Work task: Please output every line of the material as it stands, without the pictures.

Input data:
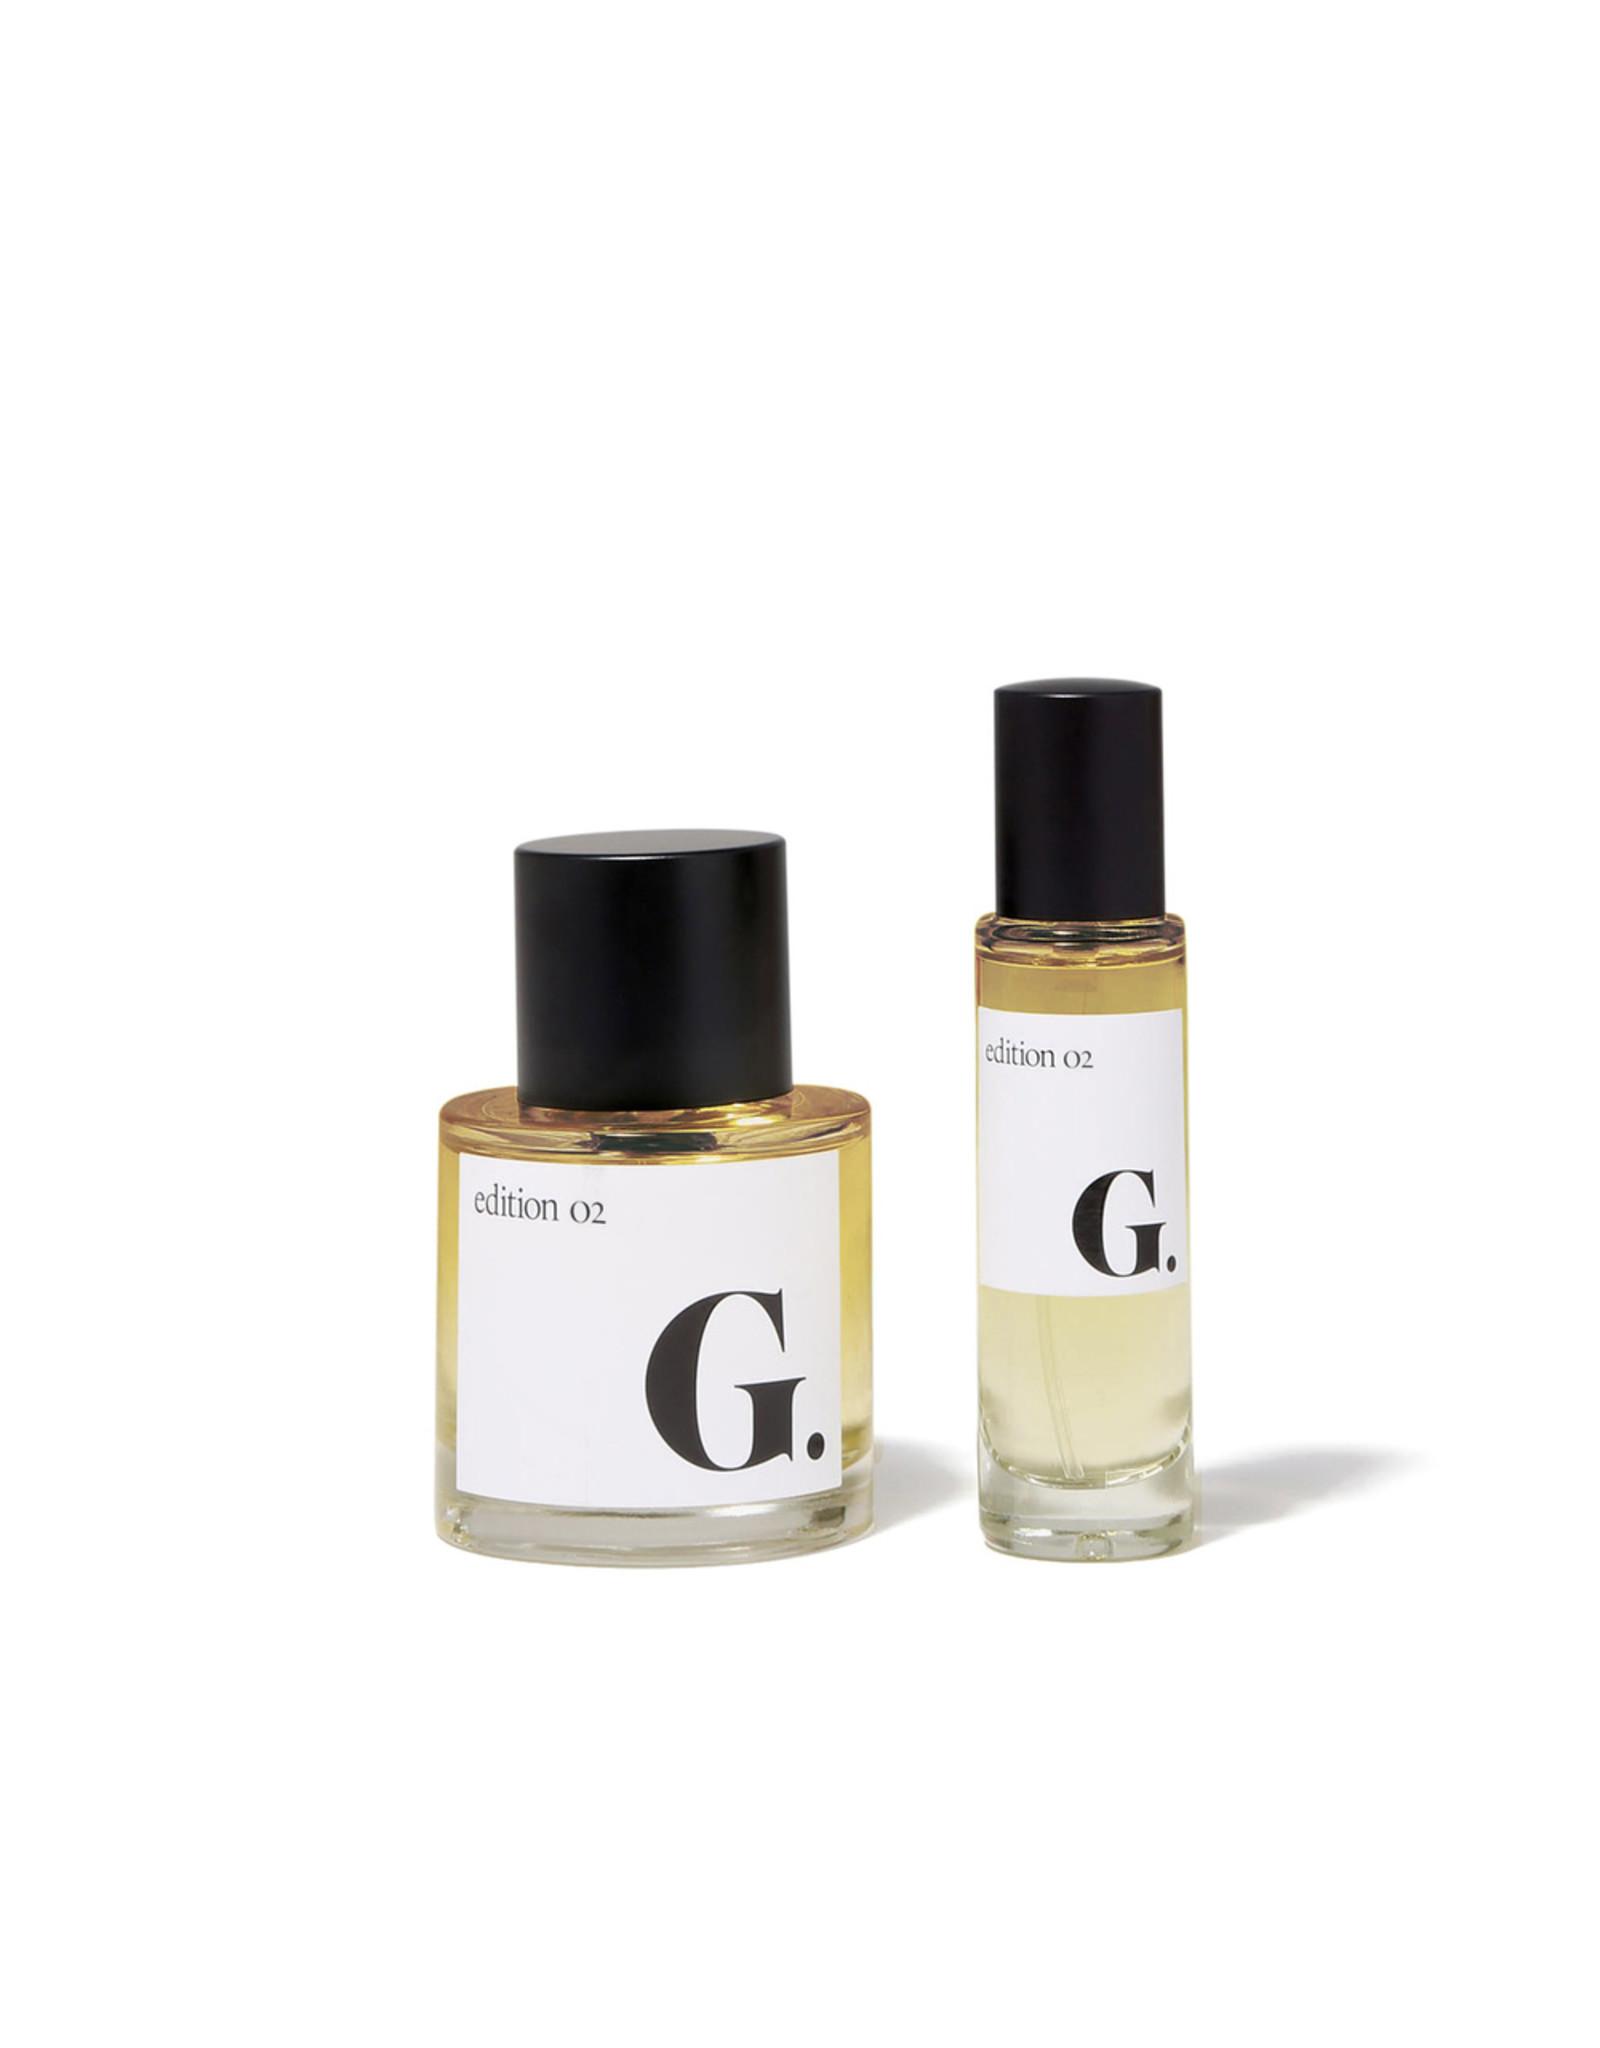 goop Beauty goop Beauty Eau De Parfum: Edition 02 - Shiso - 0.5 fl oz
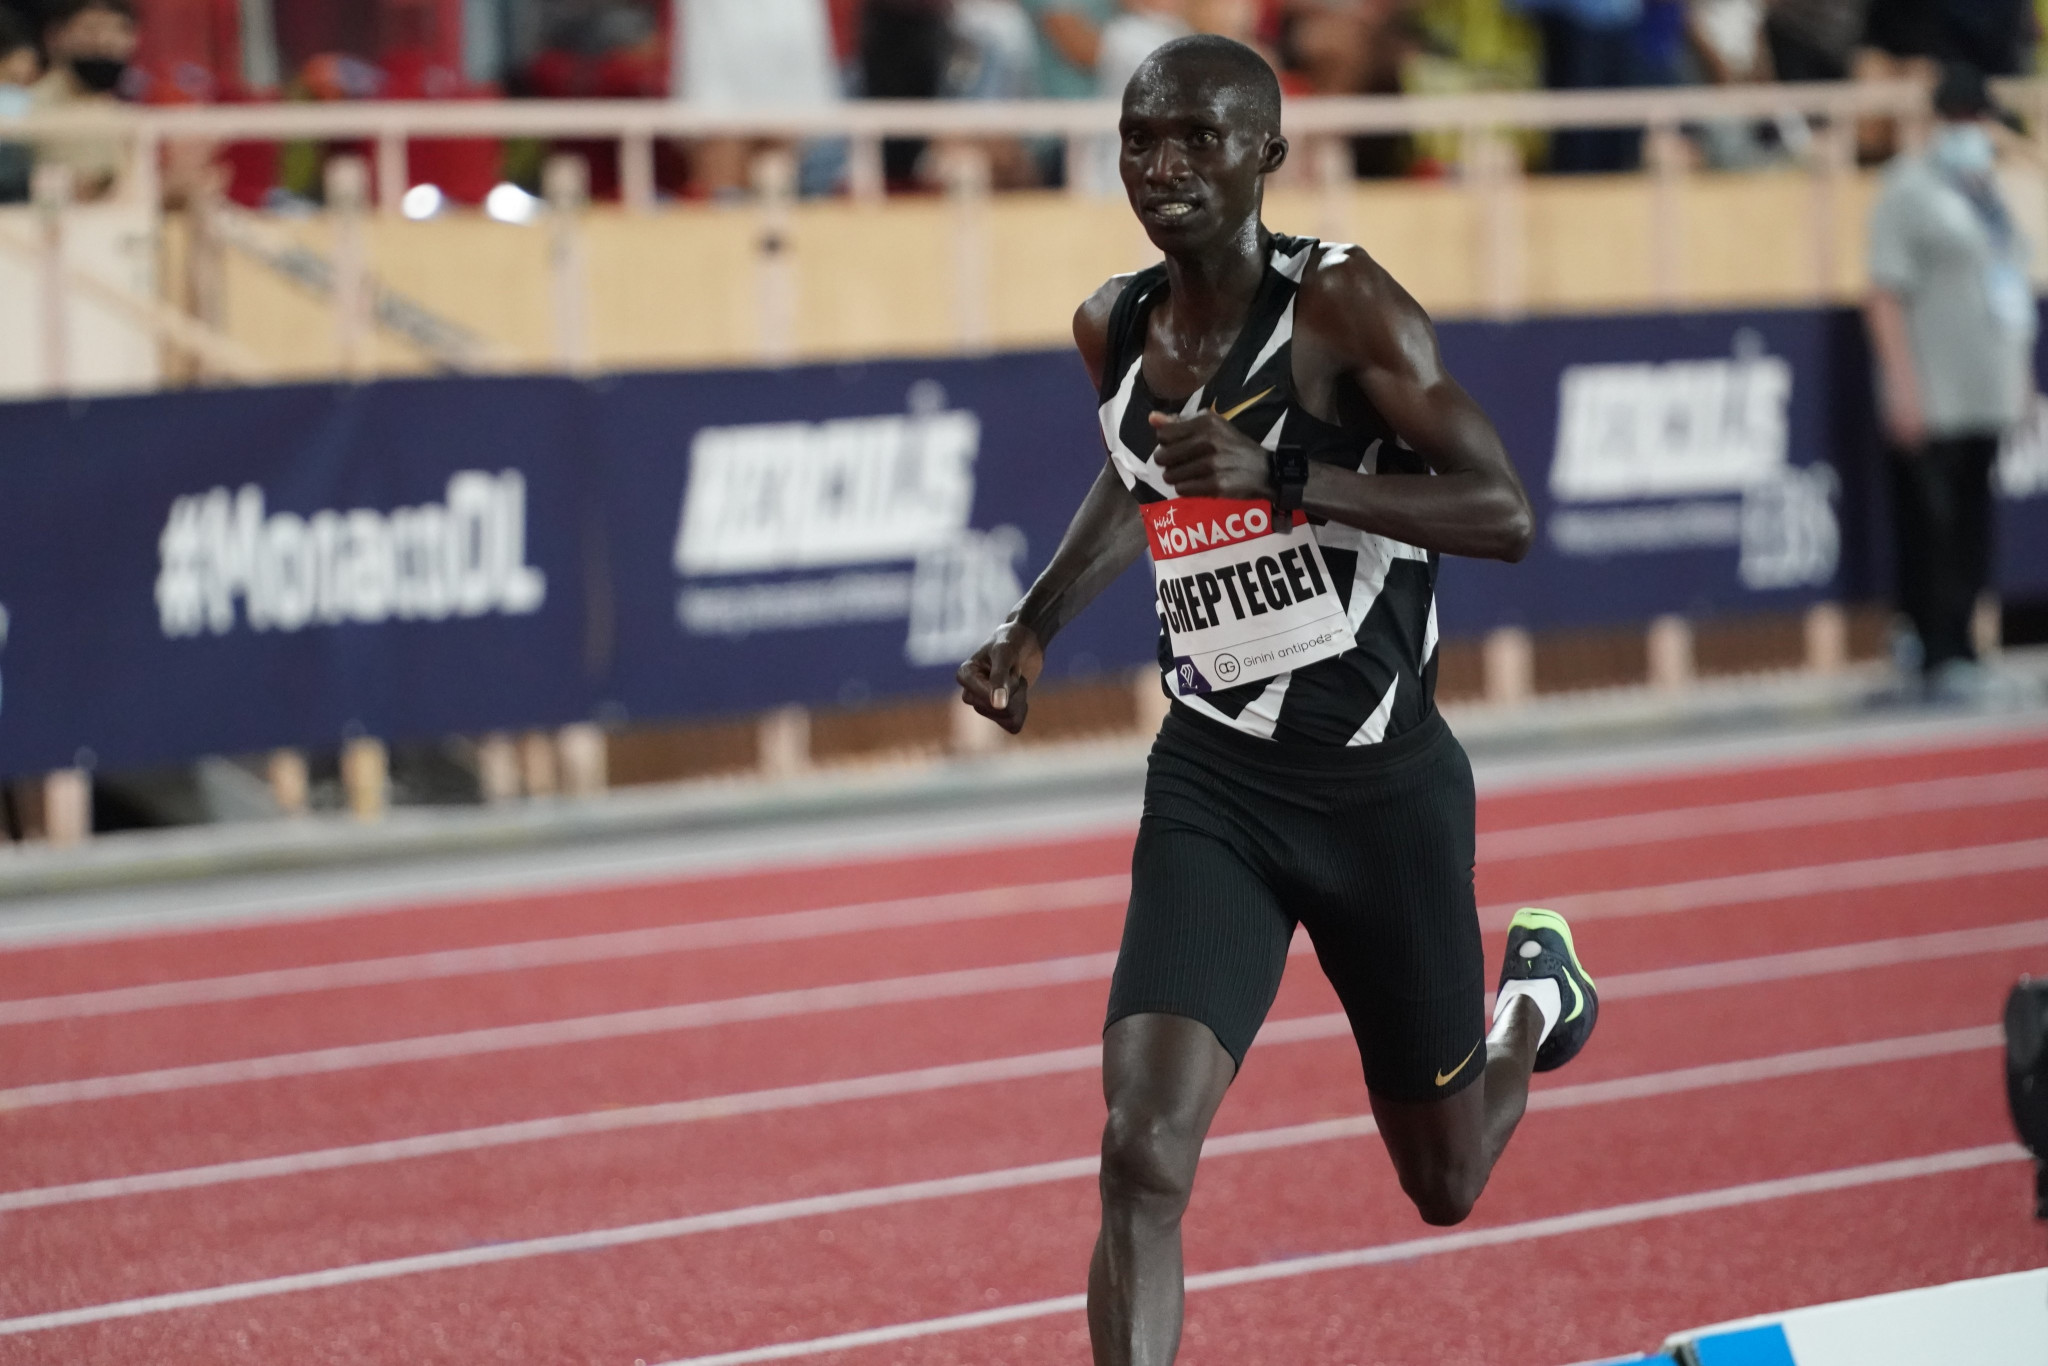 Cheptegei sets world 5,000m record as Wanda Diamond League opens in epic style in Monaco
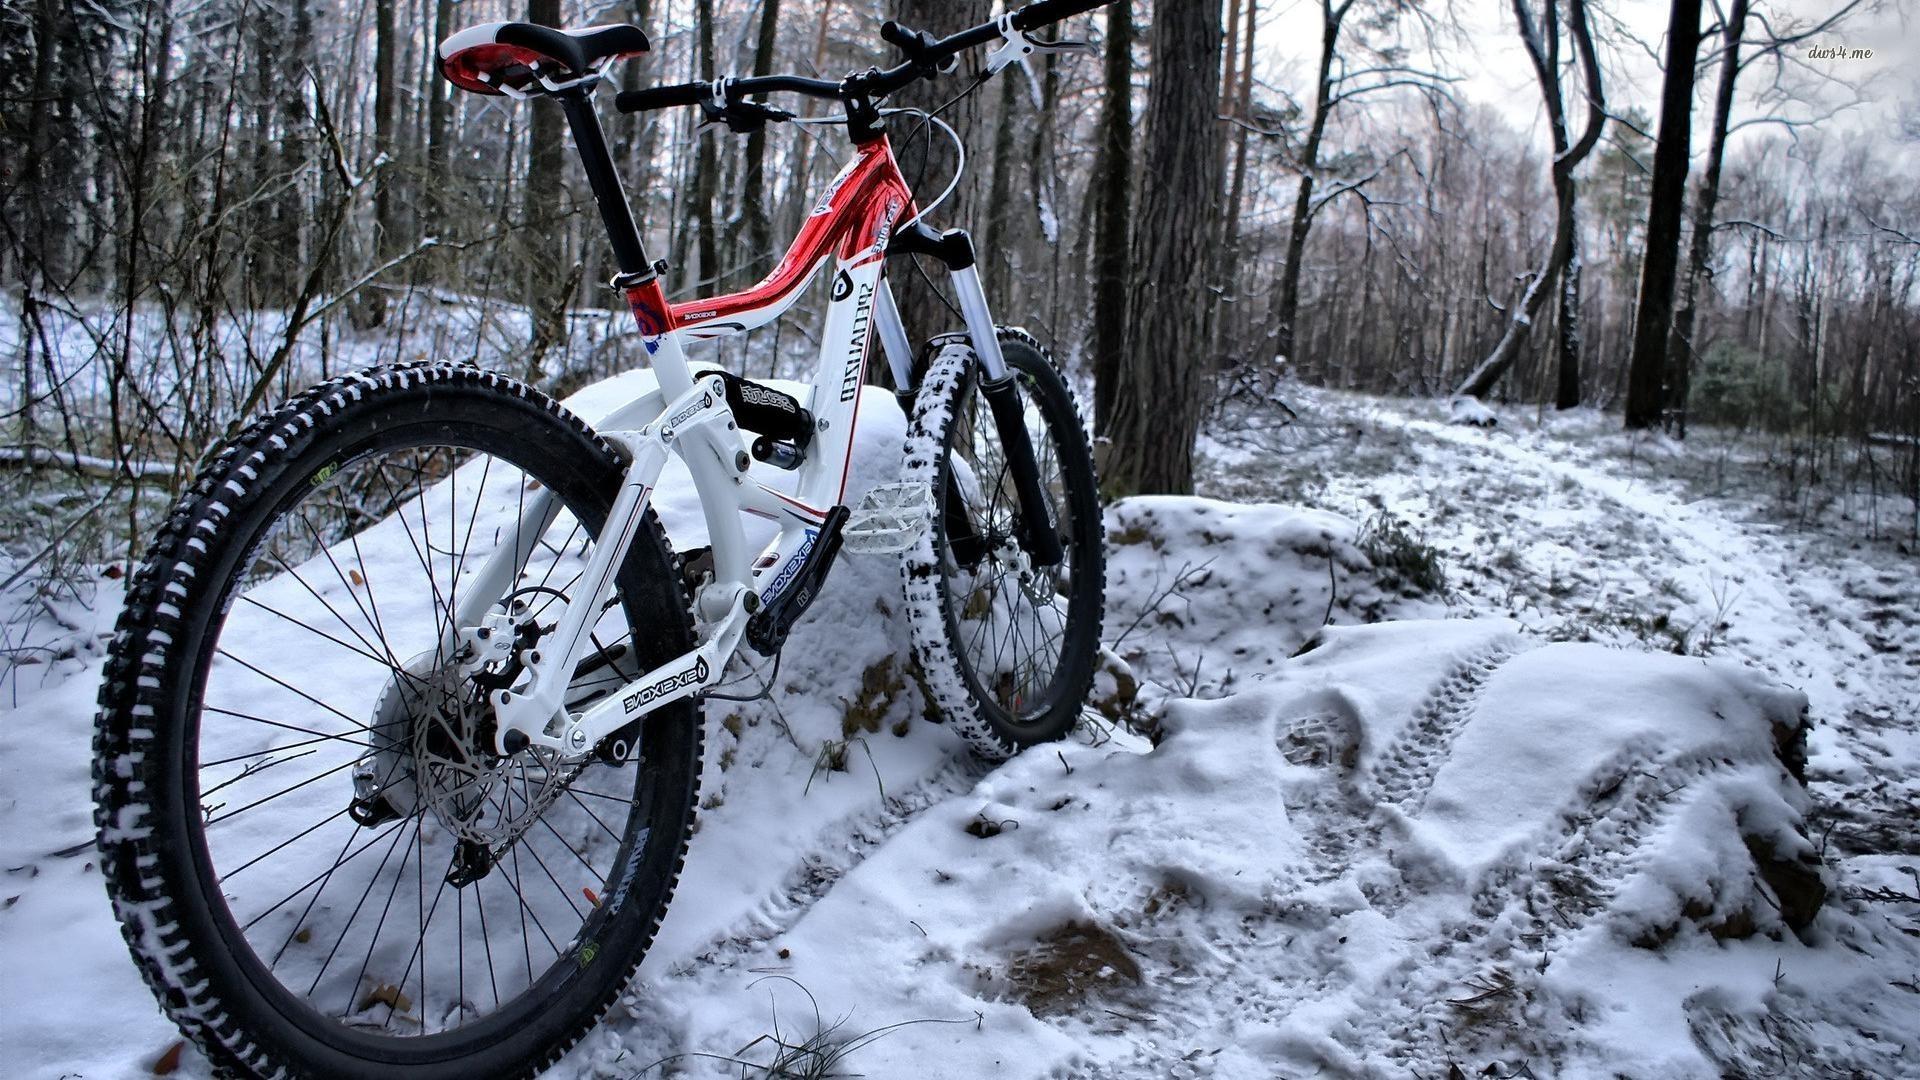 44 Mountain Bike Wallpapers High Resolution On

Finished task:
 goop Beauty goop Beauty Eau De Parfum: Edition 02 - Shiso - 0.5 fl oz
 Cheptegei sets world 5,000m record as Wanda Diamond League opens in epic style in Monaco
 44 Mountain Bike Wallpapers High Resolution On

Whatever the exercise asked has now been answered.